A revised version was produced at the Marines Memorial Theatre, San Francisco and then moved to the Mark Taper Forum, Los Angeles, California in November 1990. Directed by John Tillinger, the cast featured Richard Thomas as Stephen, Nathan Lane as Mendy, Dan Butler as Mike and Sean O'Bryan as Paul. Nathan Lane explained that McNally "had softened the ending of 'The Lisbon Traviata' during its off-Broadway run. Mike Nichols and others had told him the original brutal ending was too much to handle, so he changed it. When we came to San Francisco, he returned to the original ending. That's the one you see here."

A 2003 British production, directed by Stephen Henry and starring Marcus D'Amico (Stephen), David Bamber (Mendy), Tristan Gemmill (Michael) and Matthew Thrift (Paul) played at The King's Head Theatre in London, and won the 2004 Best Overall Fringe Production Award from Whatsonstage.

==Critical reception==
Toby Silverman Zinman wrote that The Lisbon Traviata was important in McNally's progress to becoming a "mature and contemplative theatrical voice", noting that the characters were more "fully developed" with complicated relationships.

Philip Fisher, in his review of the 2003 London production for British Theatre Guide, stated that the play was "extremely funny but also heart rending".

Peter Marks reviewed a 2010 production at the Kennedy Center for The Washington Post, calling the play "one of McNally's more daring plays and one of his best". Marks noted that "few writers are funnier."

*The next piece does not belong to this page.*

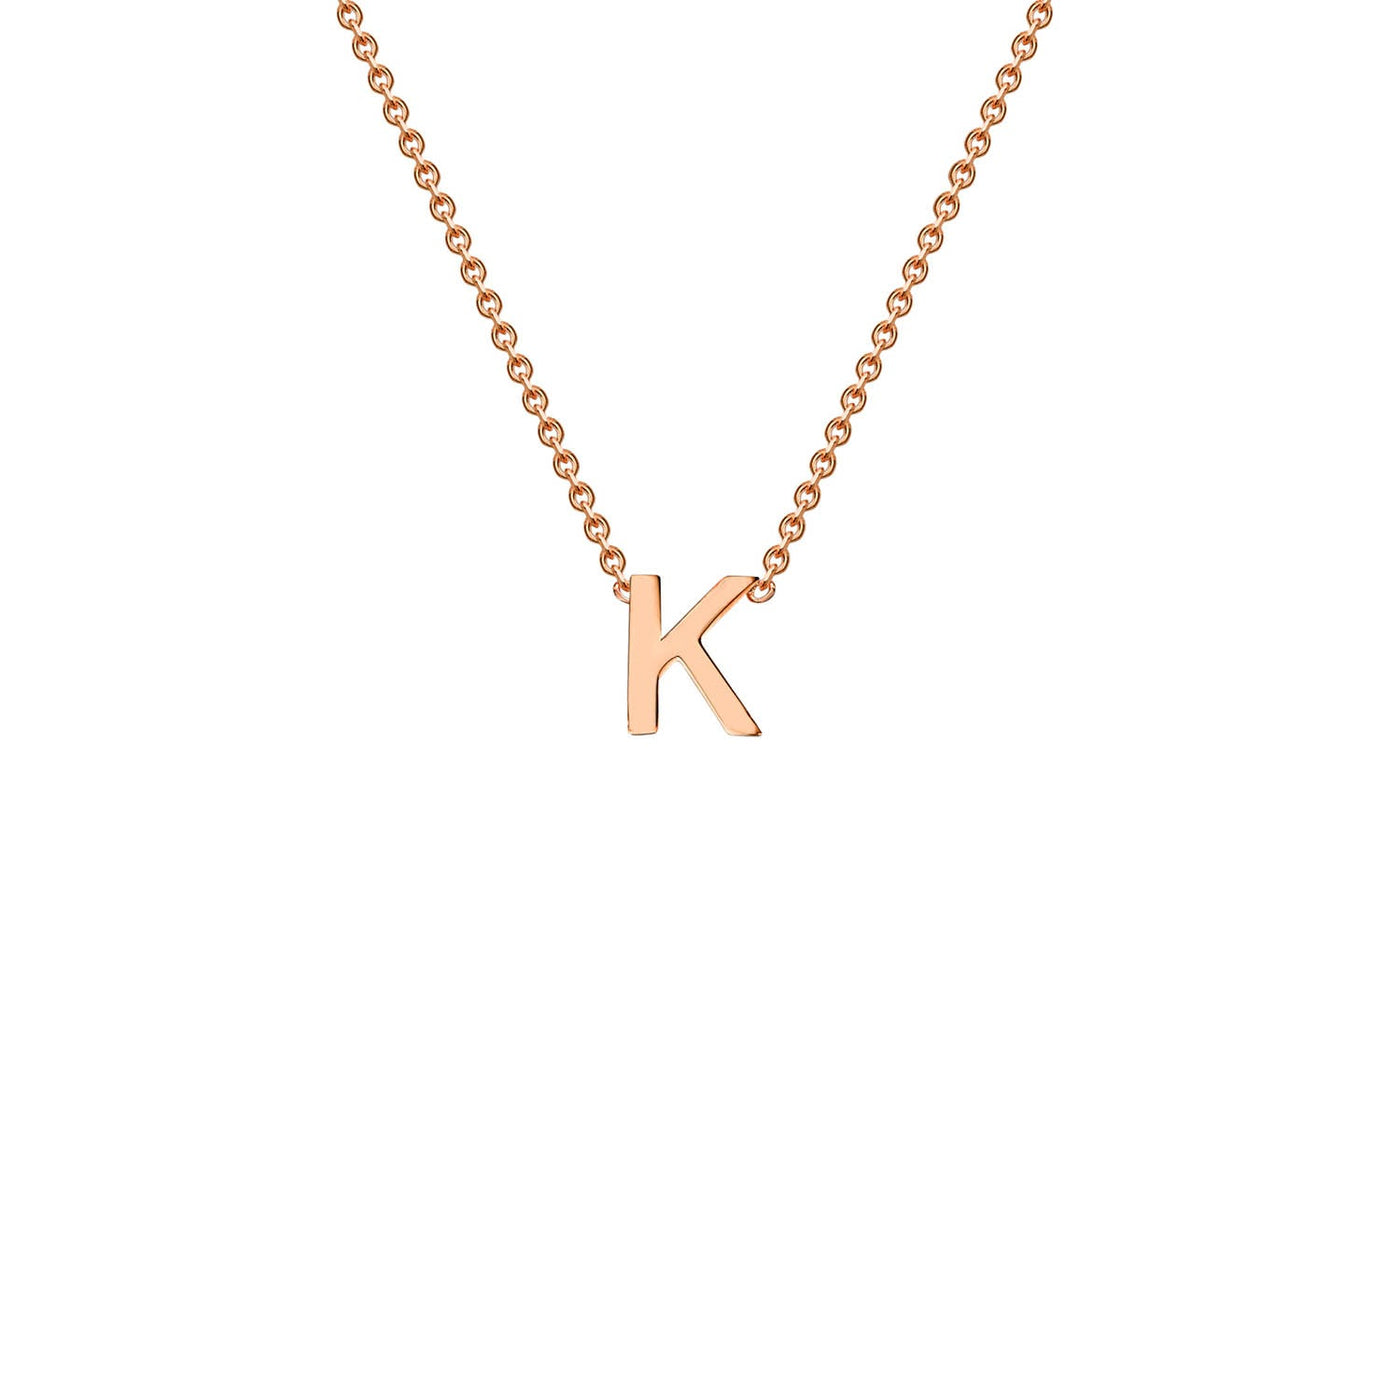 9K Rose Gold 'K' Initial Adjustable Letter Necklace 38/43cm

Wayne Koestenbaum writes about The Lisbon Traviata in his book The Queen's Throat: Opera, Homosexuality, and the Mystery of Desire (1993), as does David Román in Acts of Intervention: Performance, Gay Culture, and AIDS (1998). Theatre scholar Jordan Schildcrout examines the critical response to different versions of the play and comments on the significance of "operatic violence" in his book Murder Most Queer: The Homicidal Homosexual in the American Theater (2014).